ACKNOWLEDGEMENT
The contents of this notebook are adapted from John D. Wittenauer's notebooks that cover the exercises in Andrew Ng's course on Machine Learning on Coursera. This is mostly Wittenauer's and Ng's work and acknowledged as such.
Linear regression has been in use for hundreds of years. What place does it have in the shiny new field of machine learning? It's the same end result you've learned in your stats classes, but the method for getting there is via the steps of thinking like a machine outlined in Chapter 1. We'll go through these steps again in this chapter.
You're the CEO of a restaurant franchise. Your restaurants operate in a number of small towns. You're thinking of how to grow the business. Where's the best place to put the next restaurant?
For each restaurant your company owns and operates, you have the population of the town the restaurant is located in and the most recent year's profit generated by the restaurant. Let's have a look at this data.
In [1]:
# Load up the data
import numpy as np
import pandas as pd
import matplotlib.pyplot as plt
%matplotlib inline
import seaborn as sns
In [2]:
import os
path = os.getcwd() + '/Data/ex1data1.txt'
data = pd.read_csv(path, header=None, names=['Population', 'Profit'])
In [3]:
# Quick check on what we have
data.shape
Out[3]:
The first few rows of our data look like this:
In [4]:
data.head()
Out[4]:
The complete data set can be described using the traditional statistical descriptors:
In [5]:
data.describe()
Out[5]:
In [6]:
data.plot.scatter(x='Population', y='Profit', figsize=(8,5))
Out[6]:
For this data, we have a single input -- town population. We have 97 different town populations in our dataset. That's 97 different values for our single input variable. Keep in mind that each value is in 10,000s. So multipy the value you see by 10,000 to get the actual value of the population.
In [8]:
# Here are the input values
# Number of colums in our dataset
cols = data.shape[1]
# Inputs are in the first column - indexed as 0
X = data.iloc[:, 0:cols-1]
print "number of columns %d" %cols
print "sample inputs \n %s" %X.head()
The output is annual restaurant profit. For each value of the input we have a value for the output. Keep in mind that each value is in \$10,000s. So multipy the value you see by \$10,000 to get the actual annual profit for the restaurant.

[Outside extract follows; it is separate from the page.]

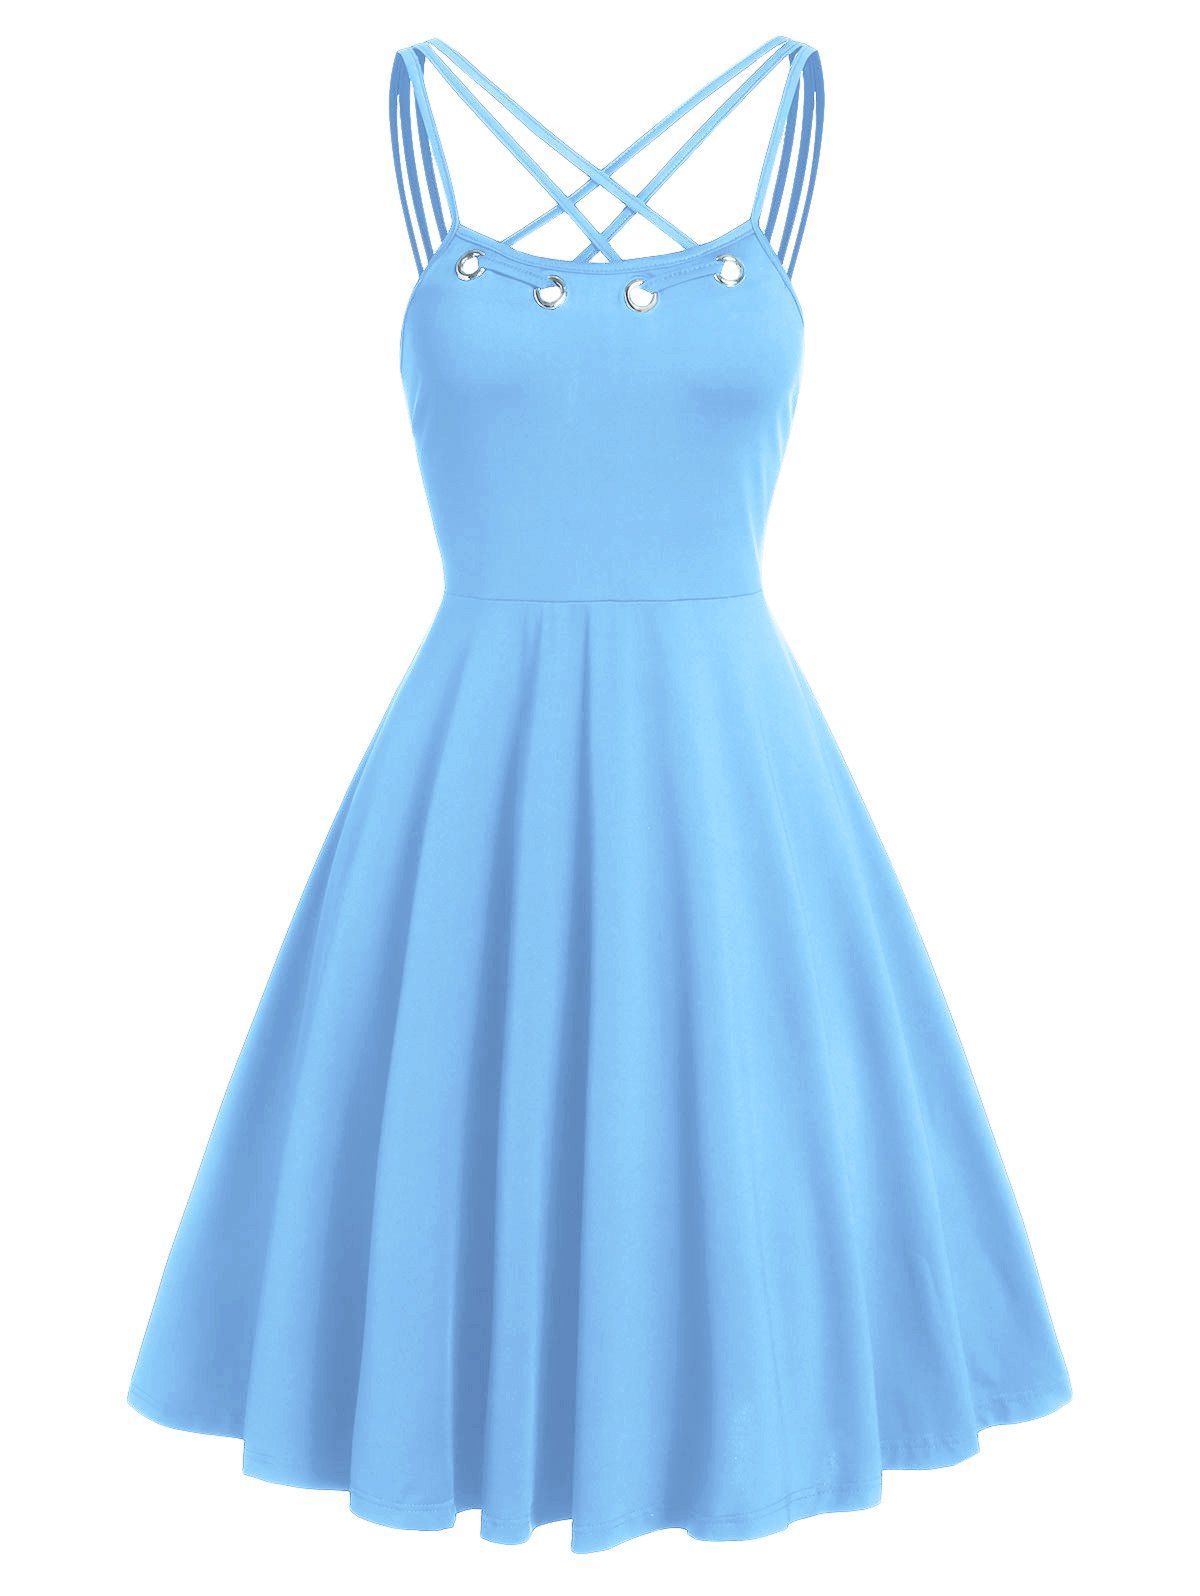 Criss Cross Grommet High Waisted Flare Cami Dress - DENIM BLUE M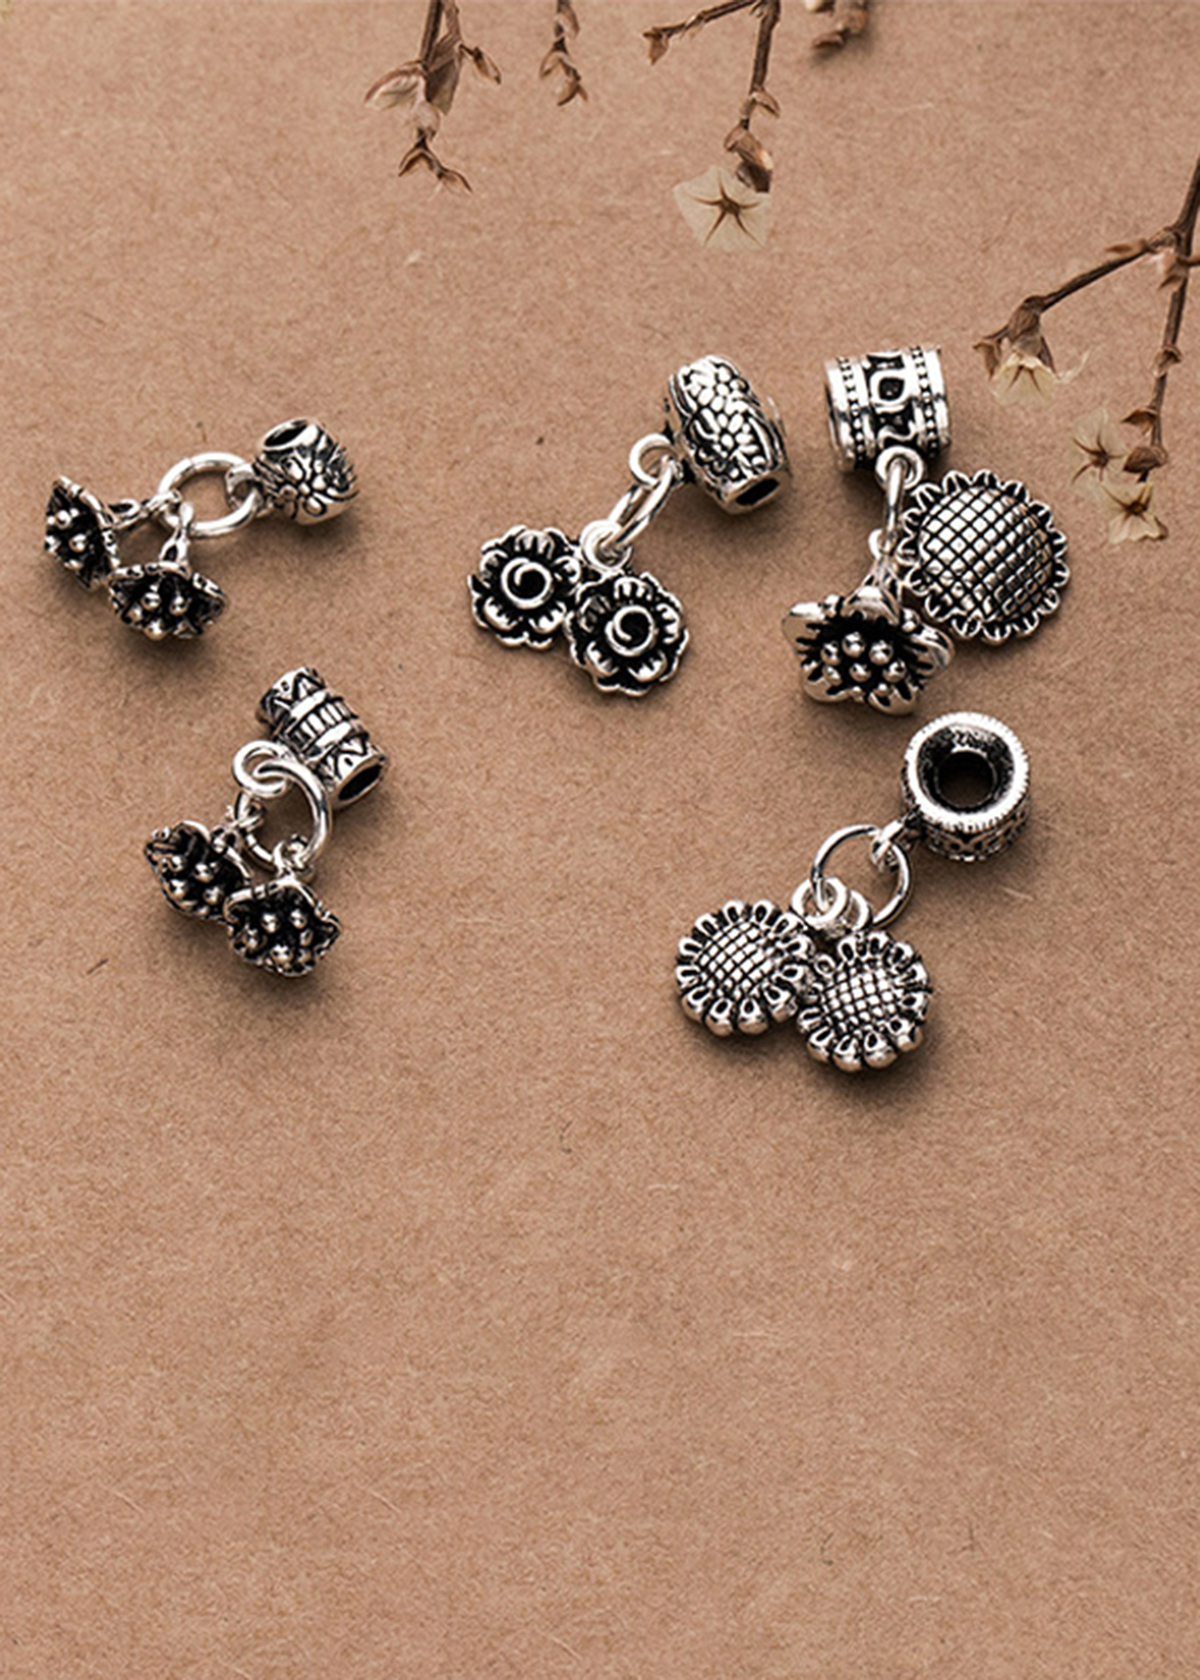 Charm bạc hình hoa hướng dương đôi 4 - Ngọc Quý Gemstones

Let's look at some of these output values.
In [9]:
# Here are the output vaues
# Outputs are in the second column - indexed as 1
y = data.iloc[:, cols-1:cols]
In [10]:
# See a sampe of the outputs
y.head()
Out[10]:
We're trying to describe this data in a succinct way. Think of it this way: the inputs (population sizes) are being transformed into food truck revenues. How can we write this transformation? There are many (infinite) options. But we're going to start very simply.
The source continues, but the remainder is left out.